I'd like to come please! I can give you a cherry lamp and iron shelf in return?


----------



## doggaroo (Apr 12, 2020)

I can give you a blue elephant slide and a brown pants press!


----------



## Xinyiki (Apr 12, 2020)

Hey there!
I would love to come and visit if you don’t mind a nmt? ^^


----------



## cynnoh (Apr 12, 2020)

hi, I can let you catalog my black kitchen island!


----------



## Savato (Apr 12, 2020)

Hi, I can bring orange floor light


----------



## p e p p e r (Apr 12, 2020)

hi, can i stop by? i have a floor light i can give you


----------



## doggaroo (Apr 12, 2020)

doggaroo said:


> I can give you a blue elephant slide and a brown pants press!


Looked through my storage and I also have a red hamster cage and blue cordless phone you can have


----------



## attykarly (Apr 12, 2020)

Started PMing the first batch of people the codes, please wait your turn.


----------



## kikotoot (Apr 12, 2020)

I'd love to come!
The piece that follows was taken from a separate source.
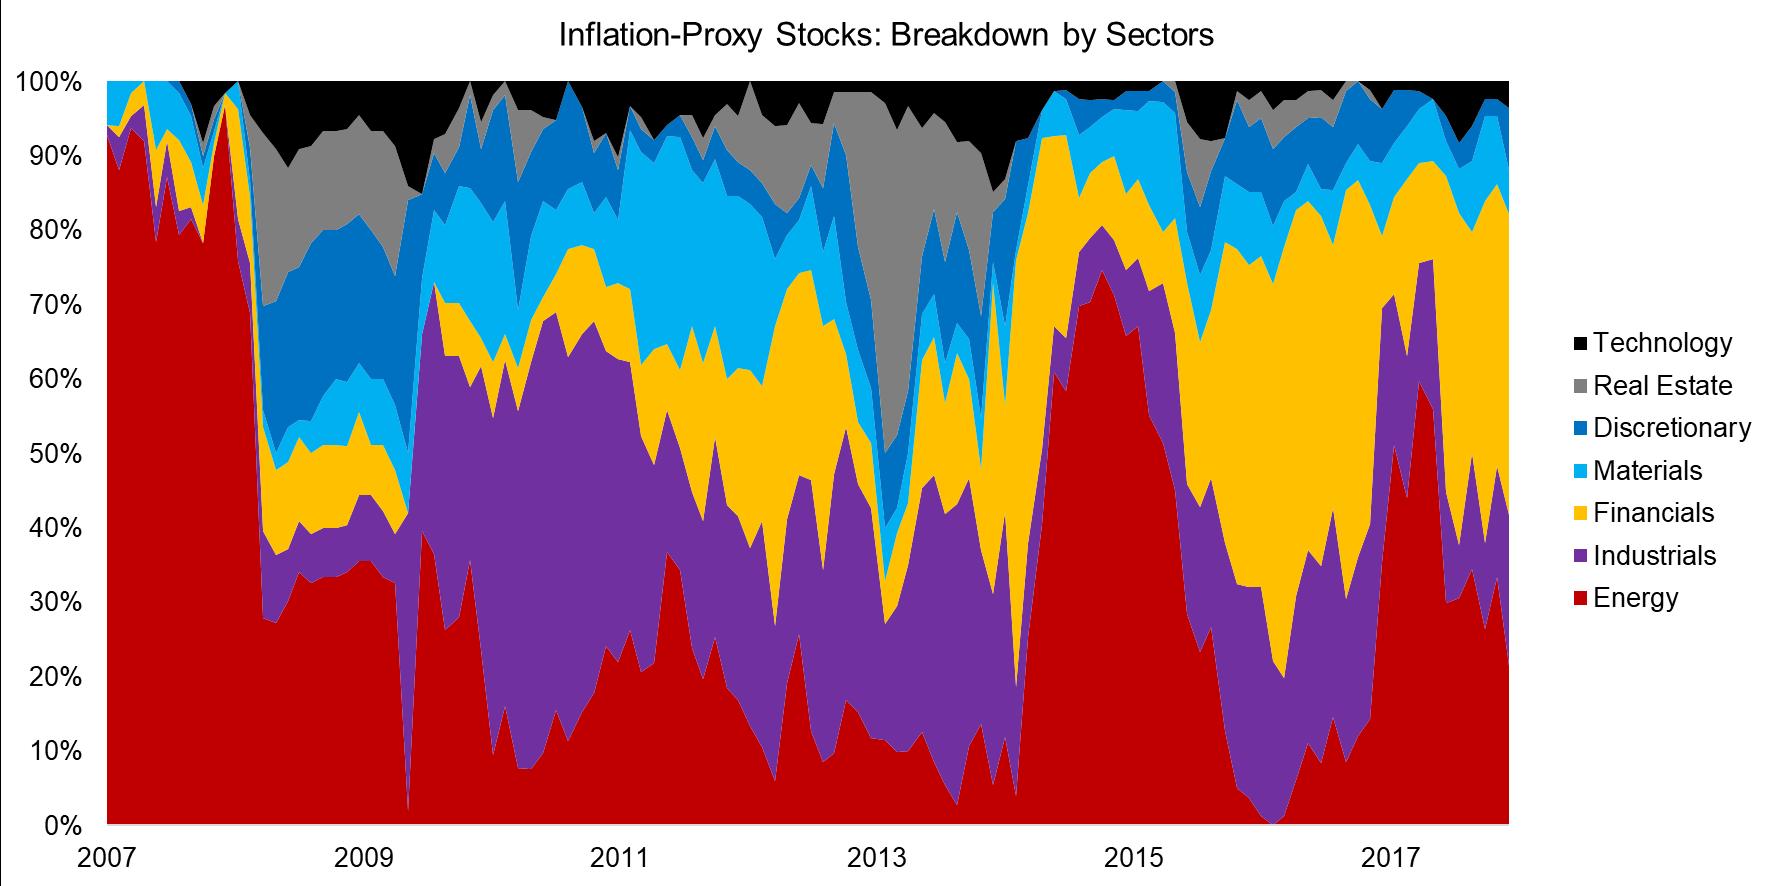 Inflation-Proxy Stocks Breakdown by Sectors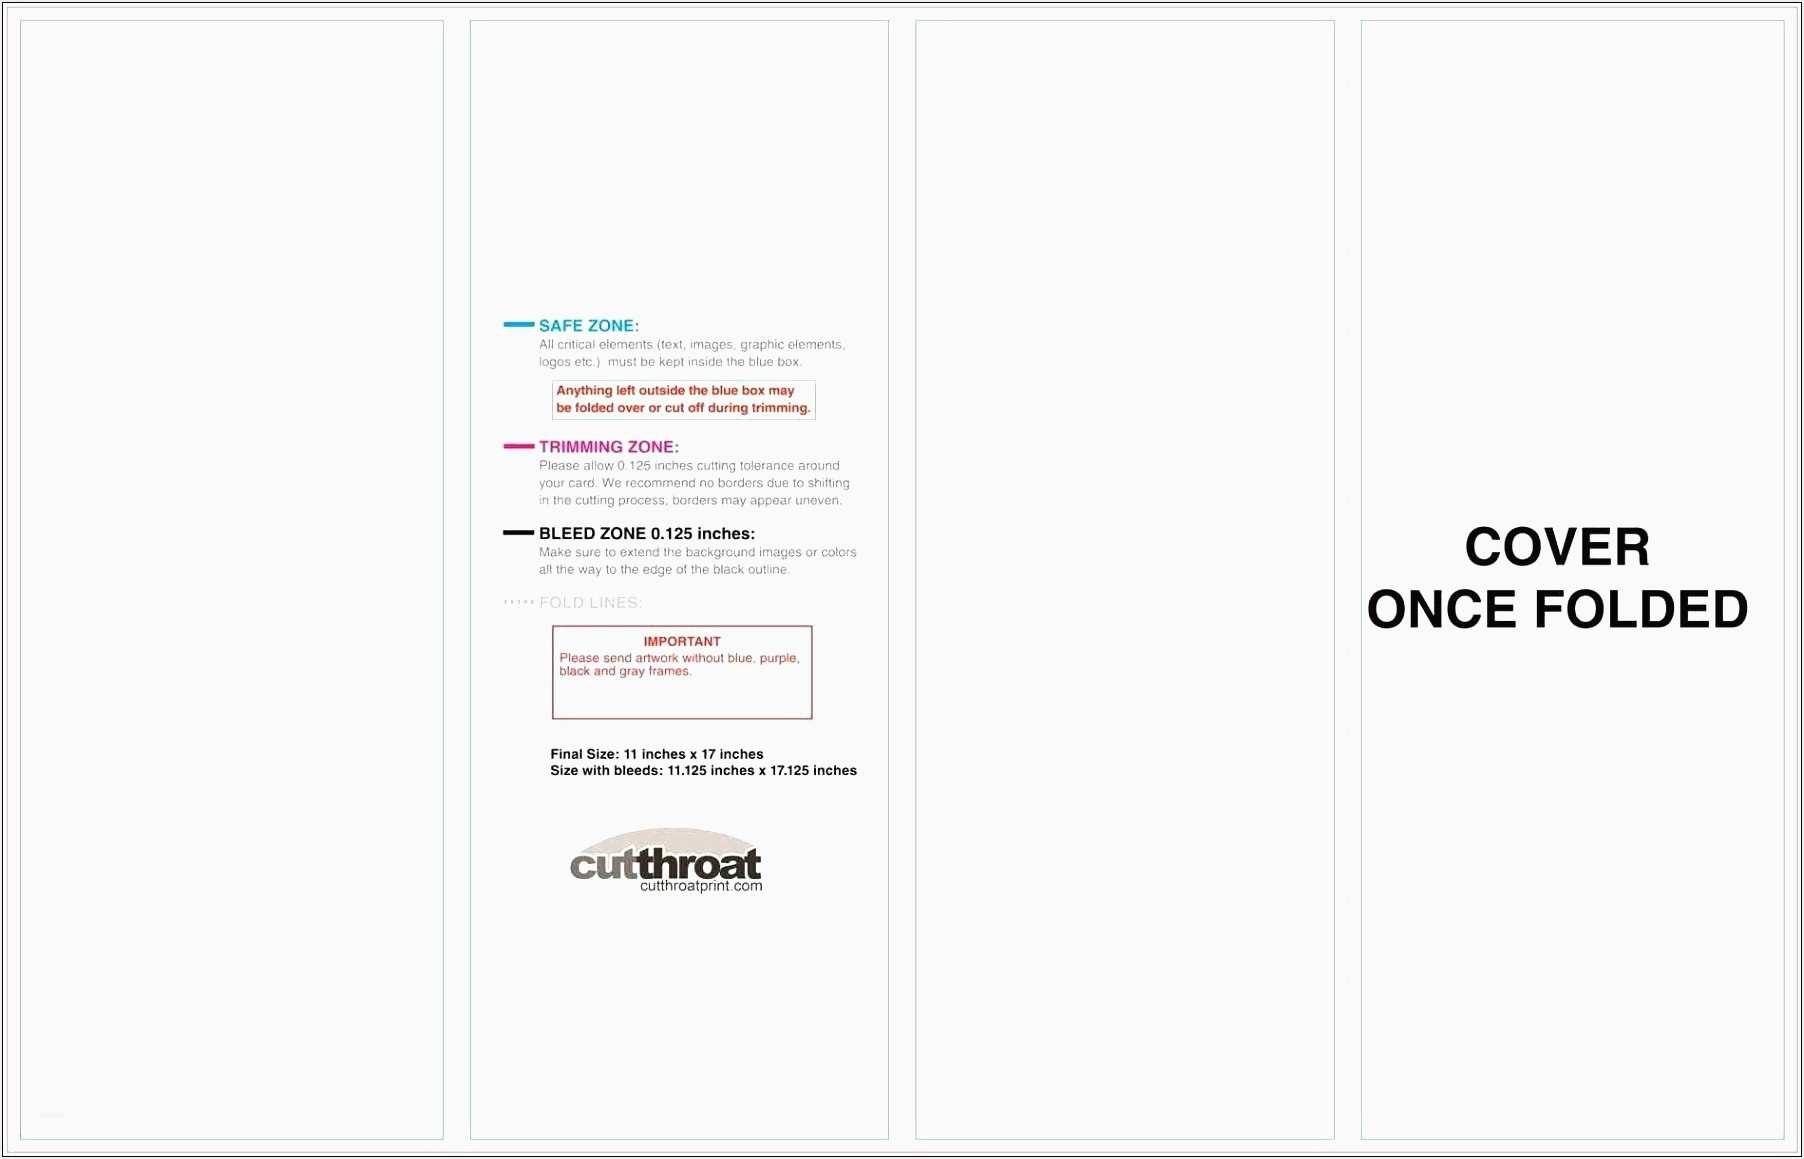 Blank Quarter Fold Card Template  Lascazuelasphilly In Blank Quarter Fold Card Template

I have a santa gnome  and an orange floodlight if you haven't got that one yet


----------



## attykarly (Apr 12, 2020)

Kammm said:


> I'd like to come please! I can give you a cherry lamp and iron shelf in return?





cynnoh said:


> hi, I can let you catalog my black kitchen island!



Hi guys do you both have other items, I already have these cataloged.


----------



## Kamzitty (Apr 12, 2020)

attykarly said:


> Hi guys do you both have other items, I already have these cataloged.


my bad I thought the list was stuff you were looking for! I have a double sofa, pink floor light, broom and dustpan, and barbecue on hand you can catalogue?


----------



## baobei (Apr 12, 2020)

oo i'd love to stop by for the cafe curtain wall! i can drop an nmt :')


----------



## attykarly (Apr 12, 2020)

Hello, will only be catering to people who have had their visit cut short by the disconnect. 
Apologies.


----------



## maesu (Apr 12, 2020)

Hi, may I stop by? I can offer a NMT!


----------



## Chibin (Apr 12, 2020)

I'd like to visit!
I can bring a blue garden gnome


----------



## queertactics (Apr 12, 2020)

hello! can i come? i have a gnome


----------



## Legoshii (Apr 13, 2020)

Hi I would like to visit, I'll give 1 NMT in return


----------



## amyahh (Apr 13, 2020)

hii could let you catalog climbing wall in white !


----------



## punctuallyAbsent (Apr 13, 2020)

i have only a gnome to offer, but he's yours if you want him in exchange for a visit!


----------



## Lizmerlot (Apr 13, 2020)

attykarly said:


> Saharah is selling *cafe-curtain wall *and *future tech flooring. *
> Ables is selling ancient belted robes, cat noses and fedoras.
> 
> Entry: 1 NMT or 1 gold nugget, uncommon DIYs, items from my wishlist, letting me catalog items I don't have:
> ...


May I please come by? I’ll bring some NMT!!


----------



## Cwhitehead (Apr 13, 2020)

Is this still open

	Post automatically merged: Apr 13, 2020

Can bring kitchen island to log! Or can buy one for you and pay half !


----------